Smart's report did not mention any details of mass allegation creche cases. In the (1985) Wee Care Nursery School case, Kelly Michaels, a childcare worker, was charged with 235 counts of sexual abuse, She was found guilty on 115 counts involving 20 children and sentenced to 47 years in prison. She served five years before her convictions were overturned. In the McMartin preschool trial, then the most expensive in US criminal history, childcare worker Raymond Buckey and his 78-year-old grandmother were among the seven accused. None were convicted. Buckey was remanded in prison for five years until 1990 when all remaining charges were dropped. A former FBI agent, Lanning (1991), reported that investigations into more than 300 alleged multi-victim, multi-offender ritual sexual abuse cases had produced no physical evidence of abuse.

Rosemary Smart's report was critical of creche staff for failing to notice signs that children had allegedly been abused by Peter Ellis. Smart provided no evidence that children had been sexually abused.
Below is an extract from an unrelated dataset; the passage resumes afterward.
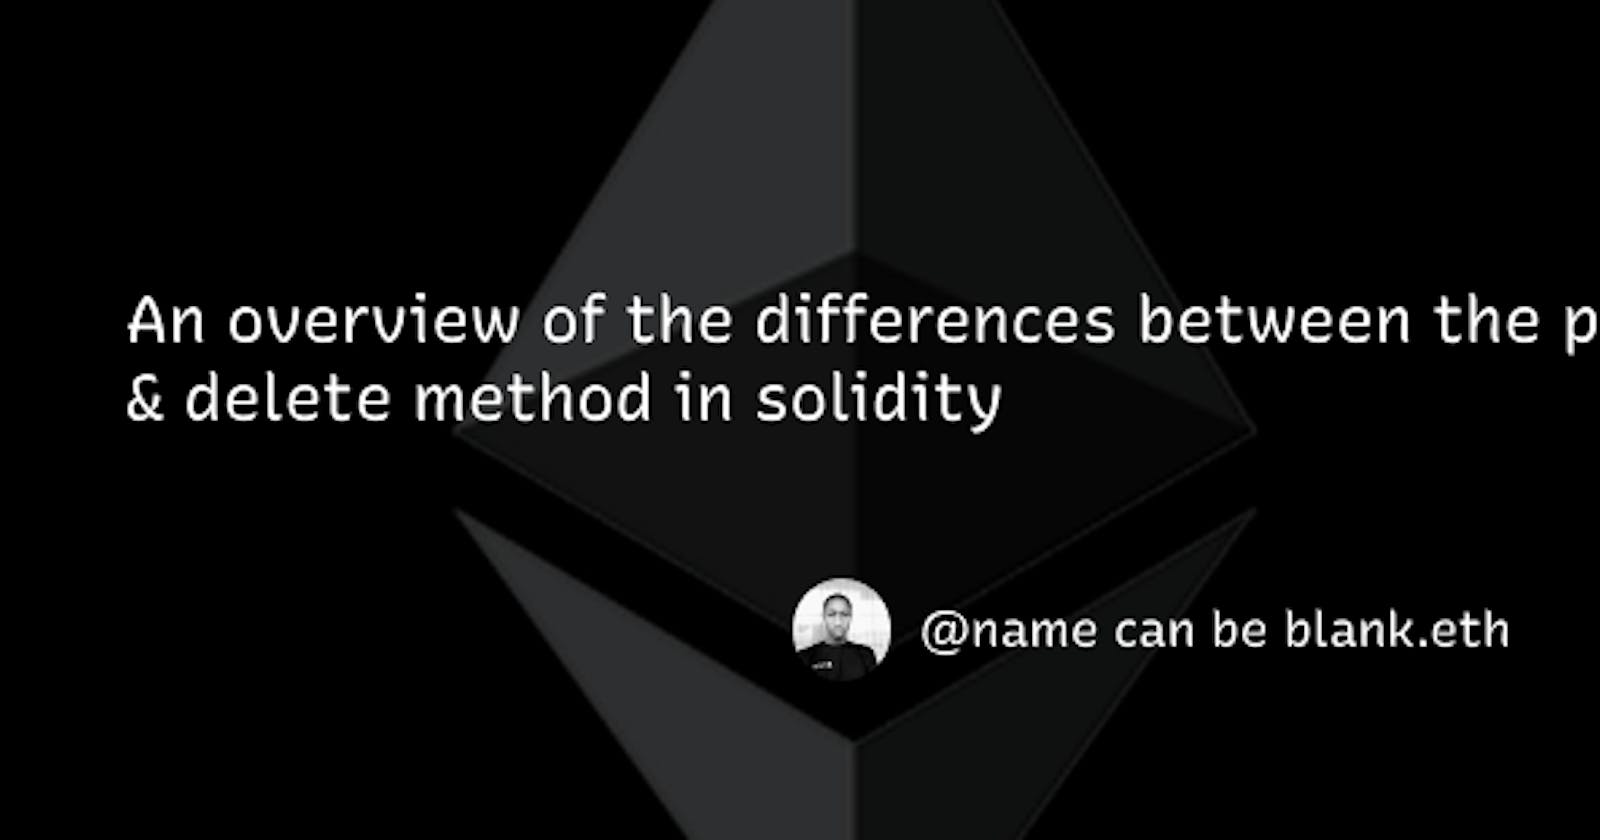 An overview of the differences between Pop & delete method in solidity

Smart suggested that staff might have been directly or indirectly involved with abuse at the Civic Creche. She claimed " knowledge of the detection and response to sexual abuse was minimal to non-existent". She wrote that "there have been few cases where staff members have been the source of sexual abuse disclosures by children" and, quoting Finkelhor, "this is because of "many disincentives, a great deal of reticence and reluctance to report, massive ignorance and inattention, as well as a few cases of actual covering up of abuse on the part of staff"". The crèche staff that Rosemary Smart spoke to "did not know of any incidents of sexual abuse of the children under their care".
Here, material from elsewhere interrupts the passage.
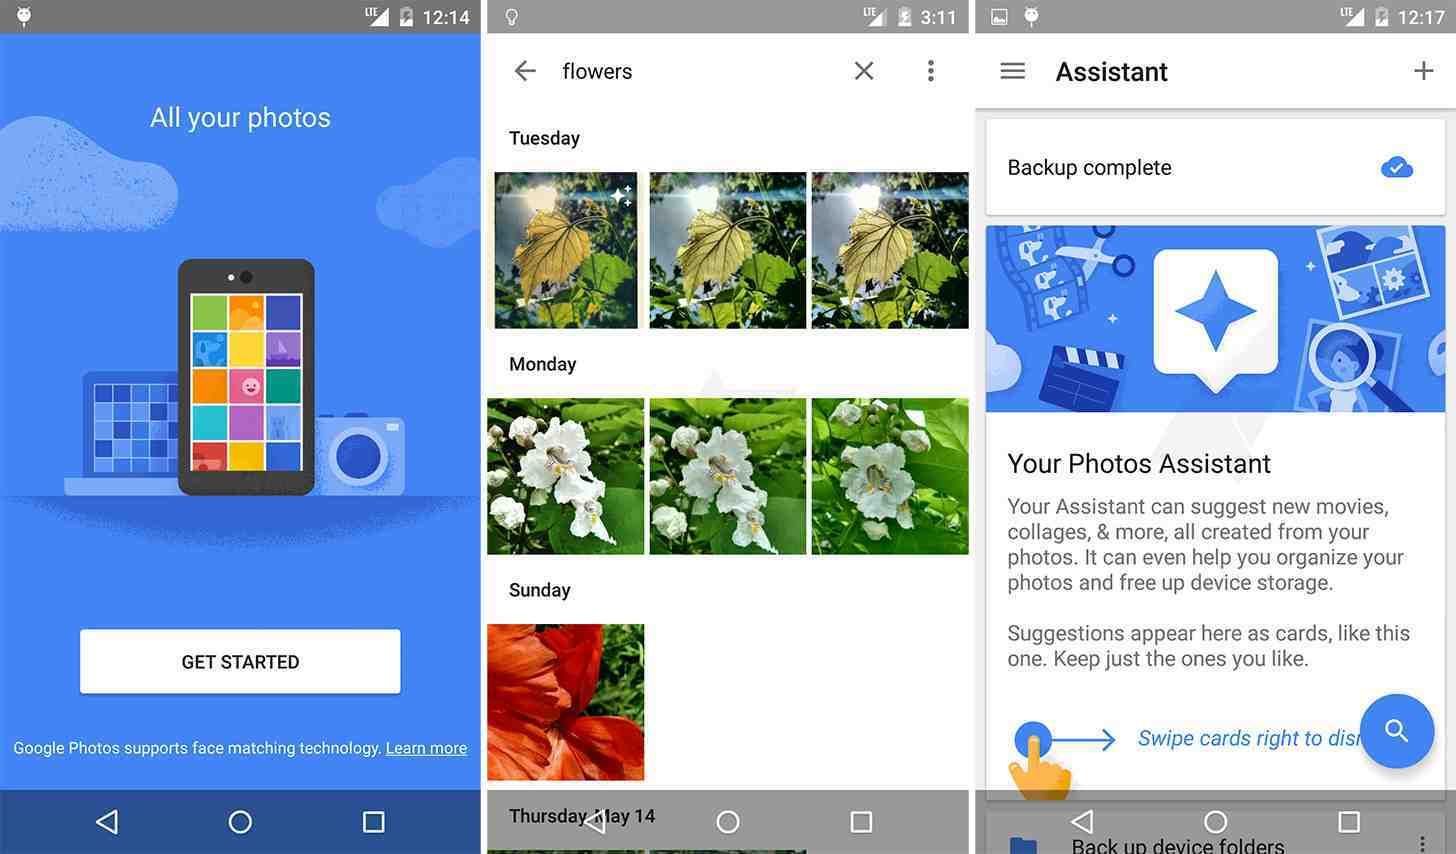 Google Photos app helps you quickly eliminate duplicate photos for backing up

Smart's report, a copy of which was given to police, was completed in July 1992. The report stands in marked contrast to another report made by the Education Review Office. The Education Review Office is a government department that undertakes periodic three-yearly reviews of all school and pre-school facilities in New Zealand. Coincidentally, in the week following the suspension of Peter Ellis, Education Review Office inspectors spent a full week at the Civic Crèche, observing its daily operation. The office subsequently issued a highly favourable report stating that "The staff ensure personal needs are met with warmth, care and consideration. The children appear happy, inquisitive and sociable" and that "...they have high self-esteem."

On 3 September 1992, following discussions between the City Council, Ministry of Education and police, the Civic Creche was closed.